One recent evening we were sitting around the 3/1 battalion commander's armored truck when Sergeant Major Scott Samuels, (left) the top enlisted man in the battalion, dropped a gem.
He explained his simple method for drying off his boots after going on a patrol that required wading in irrigation ditches.
"I put my boots on the exhaust pipes of the MATVs," he said. MATVs are the armored trucks that the Marines use.
We all laughed. Until we realized he wasn't joking.
The average Sergeant Major is not characterized by his delicacy. The job requires a sandpaper-grade sternness, pain-inducing vocal projection and withering facial demeanor that can vaporize the slightest precursor of trouble with a single glance. And as the senior enlisted man in a battalion, the sergeant major has to deal with plenty of misguided would-be trouble-makers.
At home it is DUI's, motorbike crashes, fights and so on - on deployment the infringements are less excessive, but still worthy of the sergeant major's gruff discipline. "My job," says Samuels, "is not to control the 1,000 Marines in the battalion. It is to control the 30 Marines who won't follow what the other 970 are doing." He says he has to "keep his foot in every door", and be able to answer all the questions the battalion commander asks him - "which is a lot".
Sergeant Major Samuels has seen a lot in his career, but if there is one thing that really gets under his skin, it is shaving - a good Marine is a clean-shaven Marine, even in the middle of a heated battle.
"What did you shave with this morning?" he asked one hapless - and clearly unshaven - Marine recently. The Marines were in the middle of an offensive against the Taliban stronghold of Safar Bazaar. They were sleeping in desert sand, there was no running water for miles, and uniforms - the infamous Flame Resistant Organizational Gear (or FROG suits) were stiff and odiferous with accumulated salt and sweat.
"I didn't shave this morning, Sergeant Major," responded the Marine. "So I guess that's the next thing you're going to do after we have finished this conversation," said Samuels - finishing the conversation.
To another Marine who had the temerity to actually sprout a moustache in the midst of the battle, Samuels said "I carry a clippers with me - but I clip all the hair bald - so the recommendation is to get rid of the moustache before I get to it." Both Marines had upper lips as soft as a baby's bottom the next time I saw them.
Another morning when he was sitting in the shade of his truck, a Marine walked by, poked his head in, saw who was there and quickly said "Hurrah, Sergeant Major," before hurrying on. "They all do that, " says Samuels. "They see the Sergeant Major, say 'I'm not going there, that's too scary with the Sergeant Major, and keep going..."
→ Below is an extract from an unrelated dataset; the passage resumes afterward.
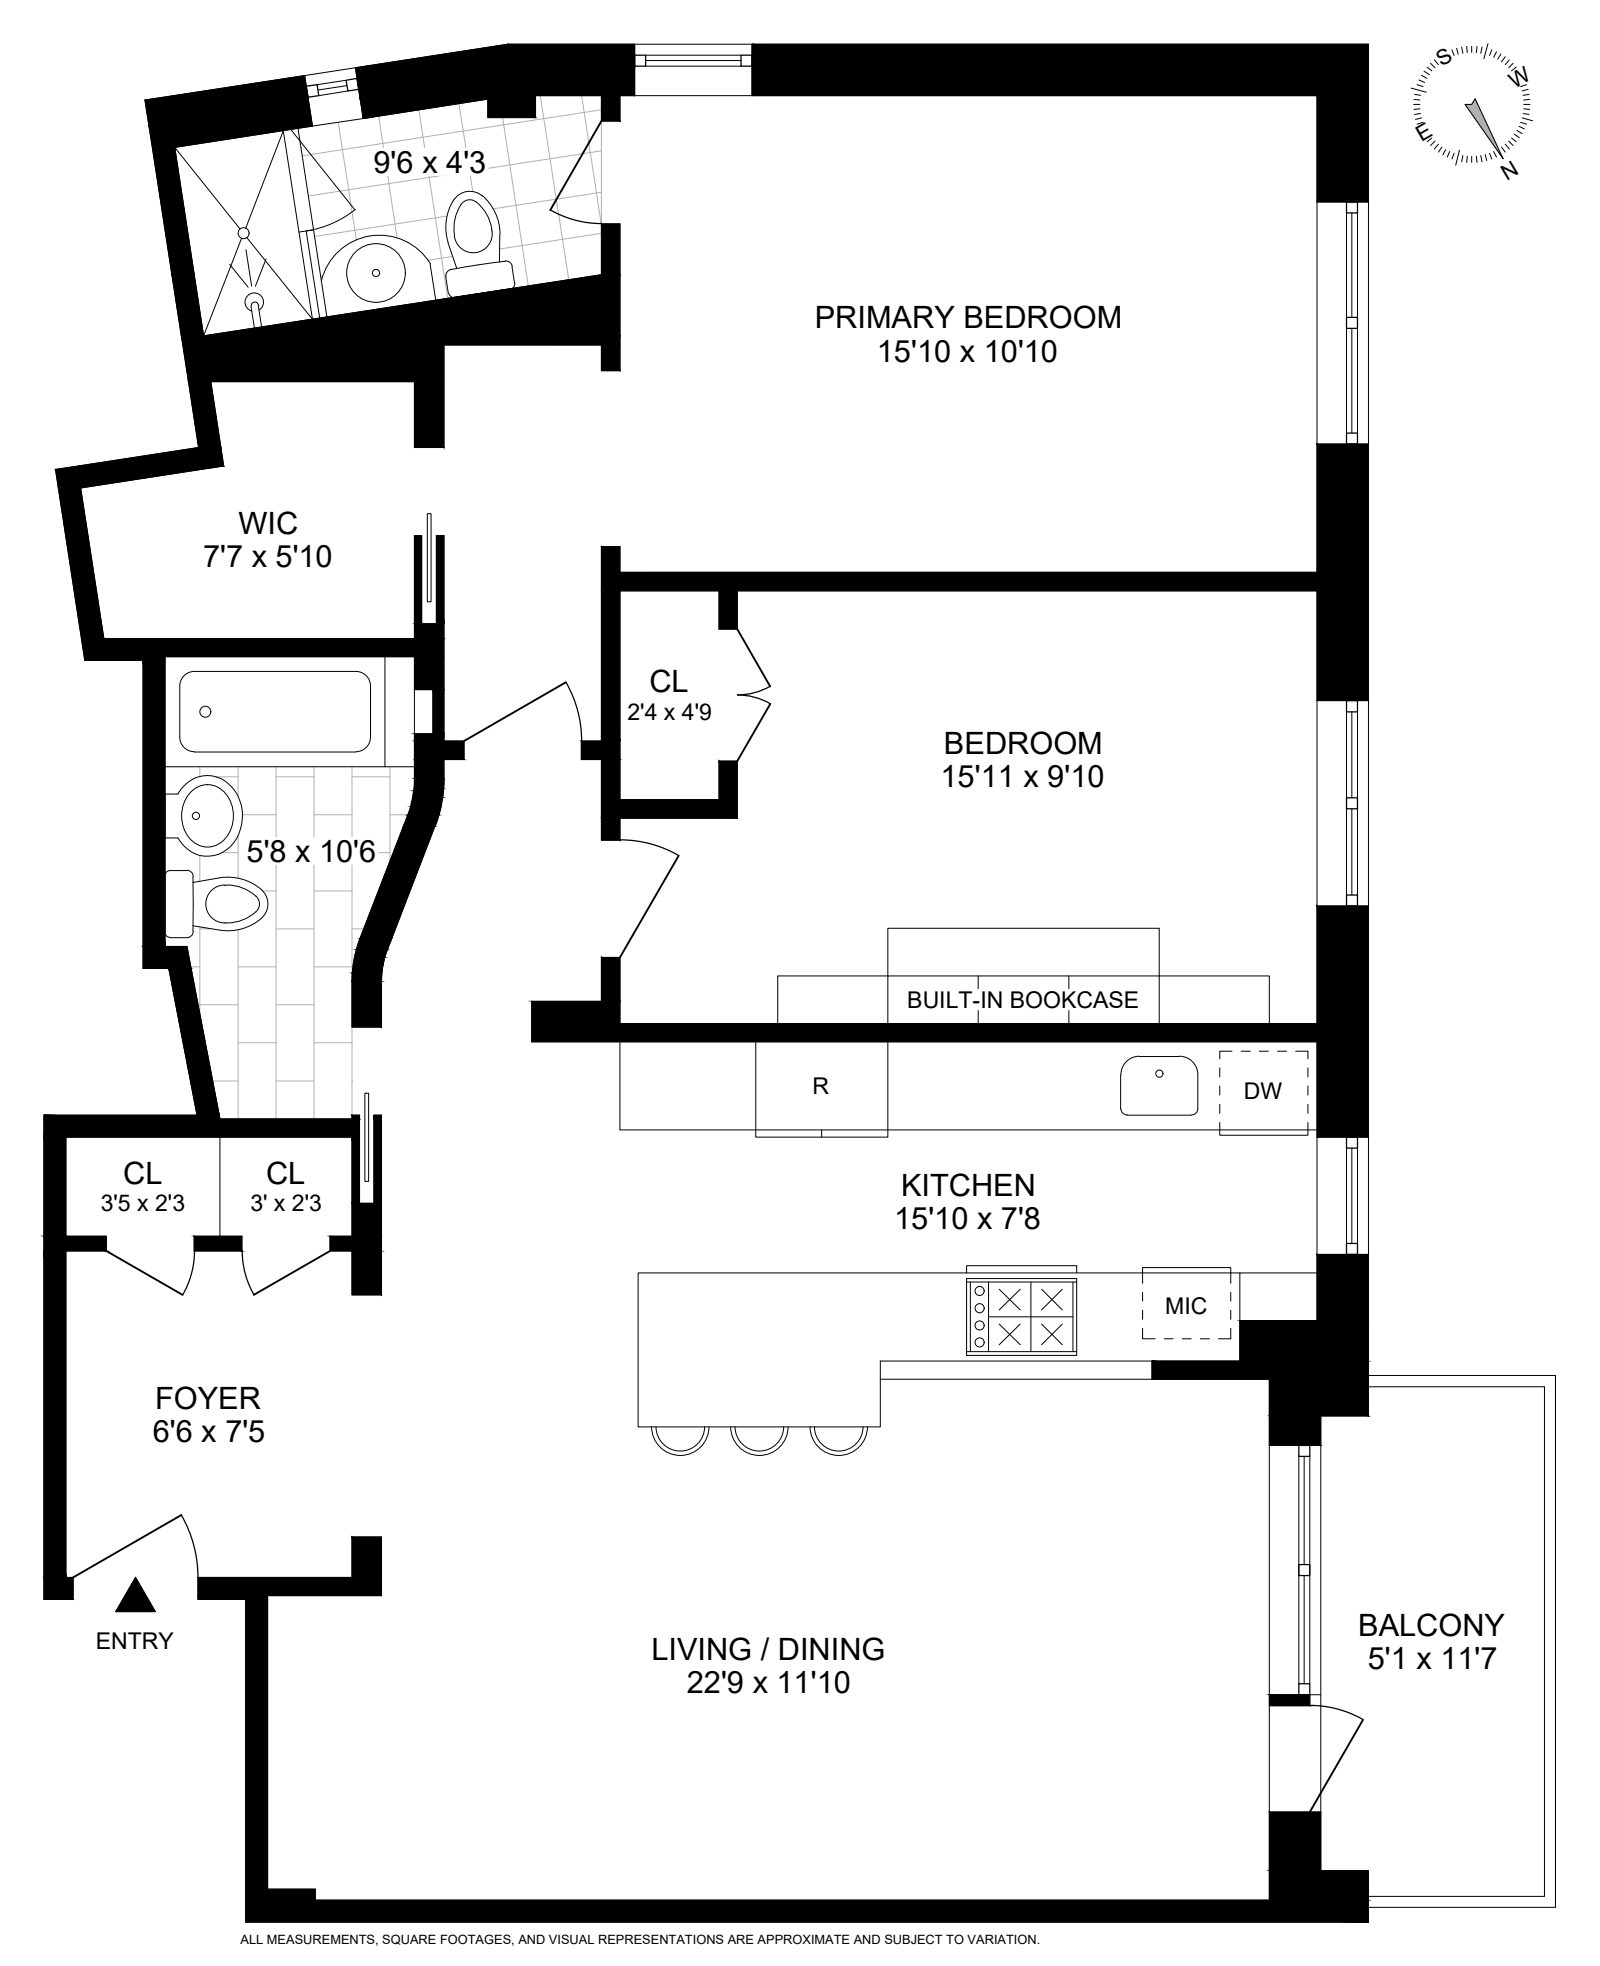 Floorplan for 100 Overlook Terrace, 421

Samuels grew up in Brooklyn, went to school in New Jersey, went to college in Tennessee, then joined the Marines 25 years ago. He says the Marine Corps has changed a lot since then - more conventional warfare missions, less short-term marine-based expeditionary ventures. And because most service members retire at the latest at 20 years, when the full pension kicks in, there are very few Marines left in the Corps who were there when he joined.
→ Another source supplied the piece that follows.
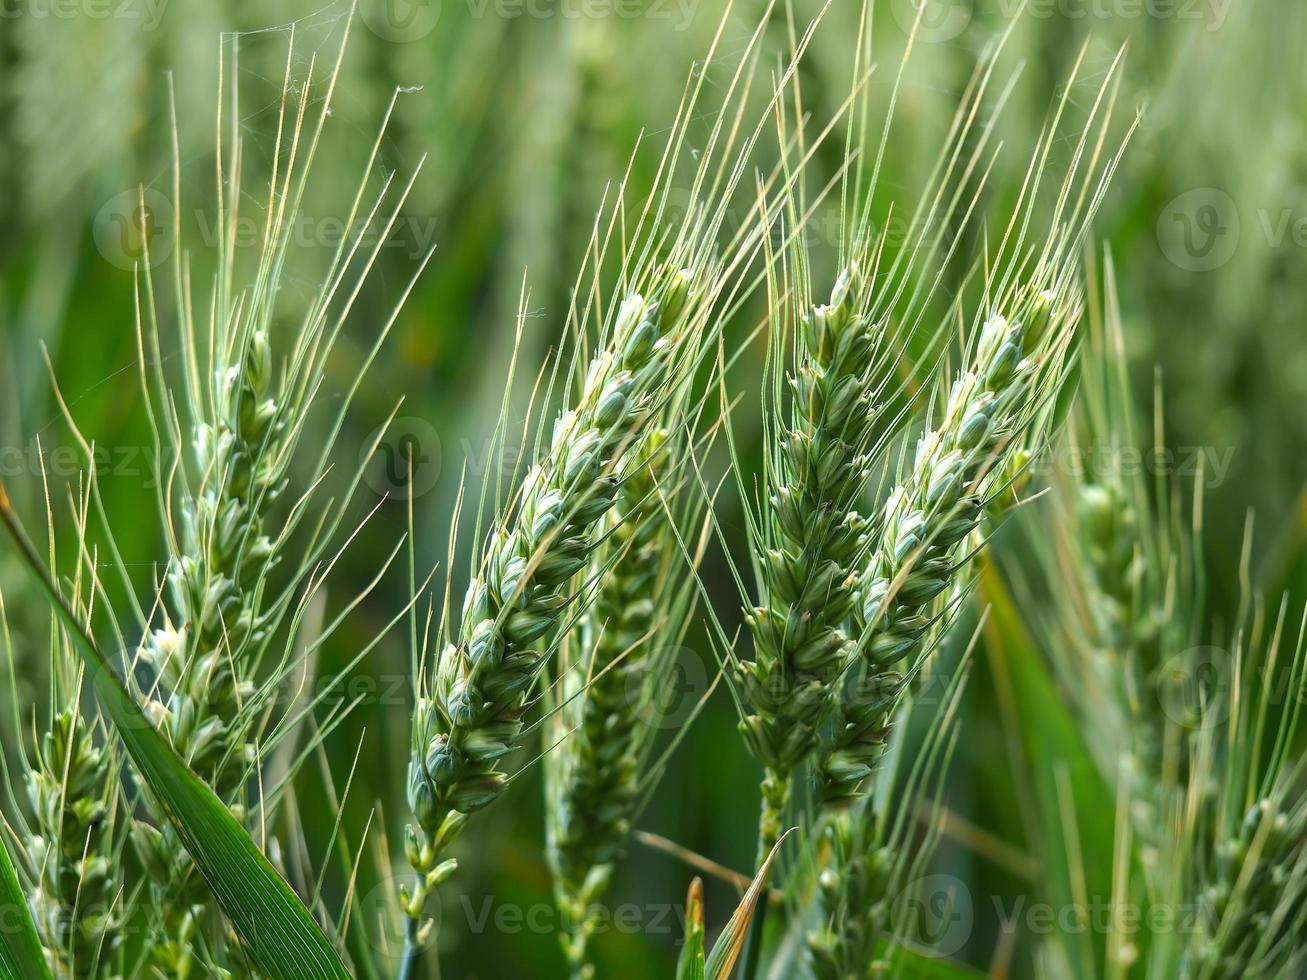 Wheat ears in a summer wheat field photo

The position of Sergeant Major, which dates back to 1776 in the U.S. military, and to 1801 in the Marine Corps, is a lonely one. Staff Sergeants, Gunnery Sergeants and First Sergeants all have schools to go to in order to learn their new roles, but there is no school for the top enlisted position of Sergeant Major. It is self-taught. "You learn by experience, I suppose - and you learn a lot from those you dislike - by doing the opposite," he says.
But even with the forbidding exterior, there are a few cracks. On one inspection tour Samuels arrived at an outpost in Kilo Company where the 12 Marines, living in the corner of a field, had adopted a local stray dog as a pet.
"Bad for hygiene," said Samuels gruffly when he first spotted the dog, and said if there was no other way, the Marines needed to take the dog out to the desert and shoot it.
He sat down to discuss other issues, and as he did so the dog lay down at his feet, and Samuels absent-mindedly began petting the dog. When he was ready to leave, the Marine in charge asked delicately "about shooting the dog, Sgt. Major?"
Samuels uttered a guttural grunt, which the Marines interpreted as a negative, and he then turned around to leave.
Understood by nobody, feared by many, respected by all - a Marine Corps Sergeant Major.